The three undergrads looked warily at the pulverized apples in their bowl.

The would-be pastry chefs had planned to drop dollops of the mixture into a chemical bath, creating fruity spheres with a filmy skin and an oozing interior. Their early attempts left a lot to be desired. The apple mush was bland, like baby food. The finished globules were teardrop-shaped rather than round. And they were chewy, like aging Jell-O.

"It needs sugar," Amirari Diego said, with a sigh.

Diego and his two buddies, Stephen Phan and Kevin Yang, were playing with their food for the sake of science - and their transcripts.

They're students in Physiological Sciences 7 (that would be Science & Food to you and me), a class at UCLA that teaches all about the physics that make lettuce crispy, meat chewy and dough springy; the molecules that make coffee bitter, and carrots sweet.

Students get to eat ants with Brazilian chef Alex Atala and watch "Top Chef" champ Michael Voltaggio make a complicated beef dish. They attend lectures by culinary luminaries such as Chez Panisse owner Alice Waters and Momofuku Milk Bar founder Christina Tosi.

At the end of the semester, 25 percent of their grade will hinge on what might be the world's first "scientific bake-off" _ a glitzy competition to create an American classic: apple pie.
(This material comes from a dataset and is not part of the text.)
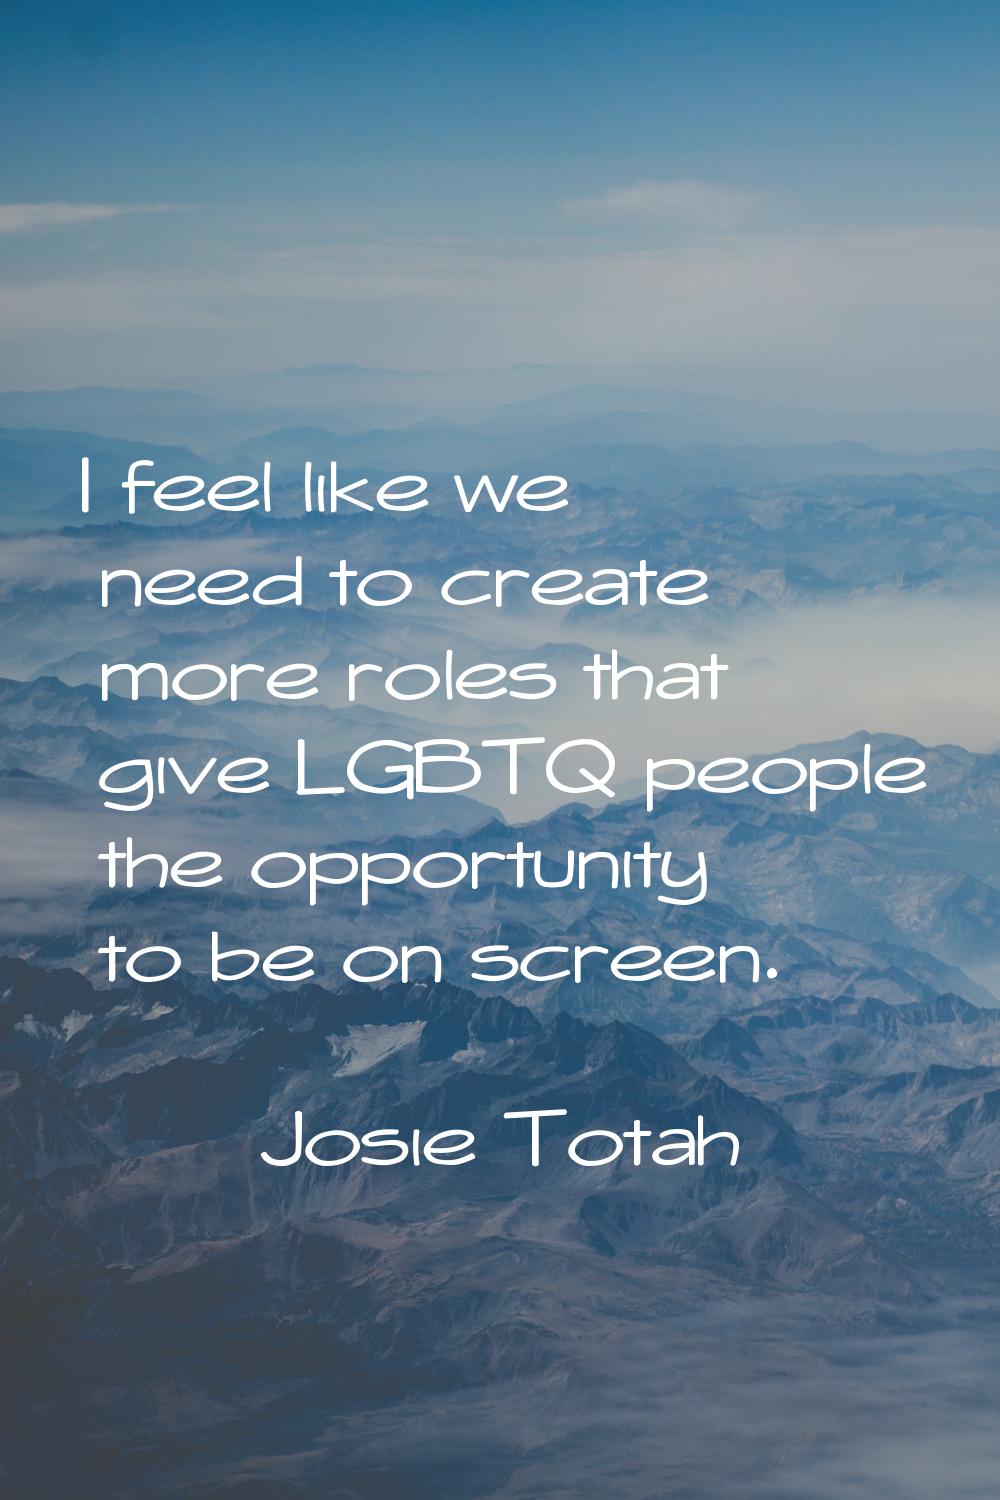 I feel like we need to create more roles that give LGBTQ people the opportunity to be on screen.

Before the class is over, students will assess the "structural stability" of their crusts, calculating pastry density using kitchen scales. They'll dip strips of litmus paper into pie fillings to measure pH and gauge whether Granny Smith apples' acidity makes them better or worse in a pie, or how acid affects the way custards congeal in a filling. They'll use math equations that include pi.

And they'll learn whether good science makes good pies.
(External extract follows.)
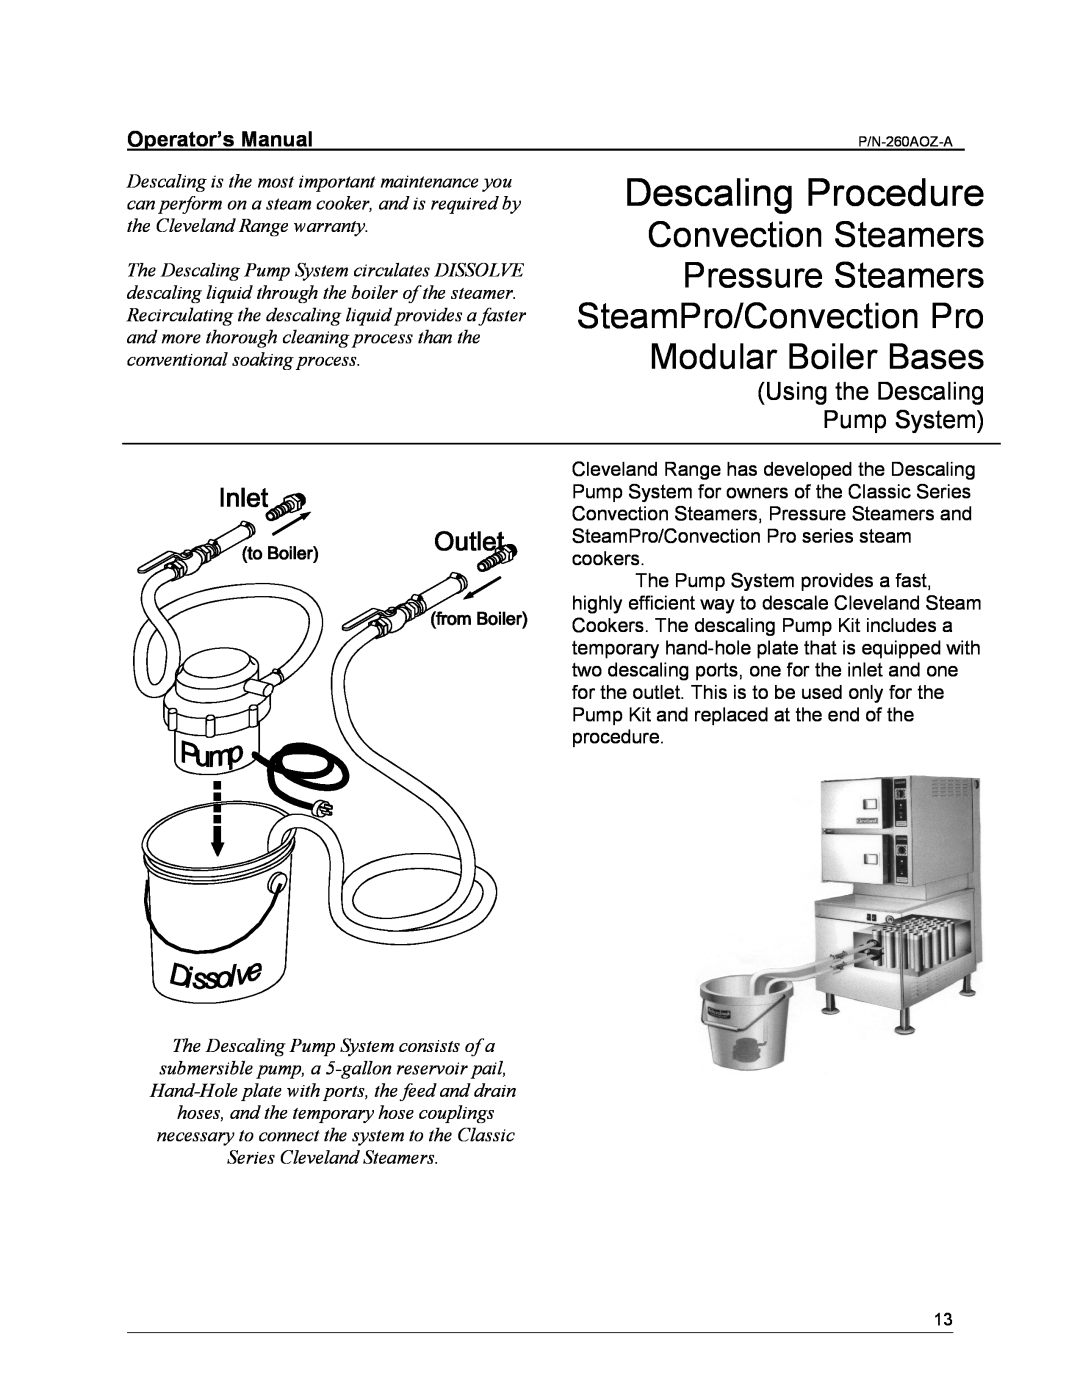 Cleveland Range 24/36CGM manual Using the Descaling Pump System, Descaling Procedure, Convection Steamers Pressure Steamers

"I'm a science major, and this has been really hard," said Neil Brinckerhoff, a human biology and society student. "It's a lot of different concepts in one class."

Professor Amy Rowat, a 37-year-old Canadian biophysicist whose reddish curls and penchant for boots and printed T-shirts make her look like a student herself, co-developed the idea for Science & Food about three years ago, during a teaching stint at Harvard University. Carbohydrates, fats and proteins, Rowat came to realize, were nifty vehicles for explaining a lot of scientific concepts.

"Food is something students can experiment with directly," she said. "They have experience with it."

So Rowat, a self-described "intuitive cook" who had been experimenting in the kitchen since she was a toddler, designed a course that used food to explain physical science. In class, she explained why cooking amounted to "altering the interactions between molecules," and how temperature, acidity, salt content and physical manipulation of ingredients all played a role in making food safe and delicious to eat.

Rowat added the bake-off this year because she wanted to get students thinking about the scientific method: the painstaking process scientists use to understand the world around them.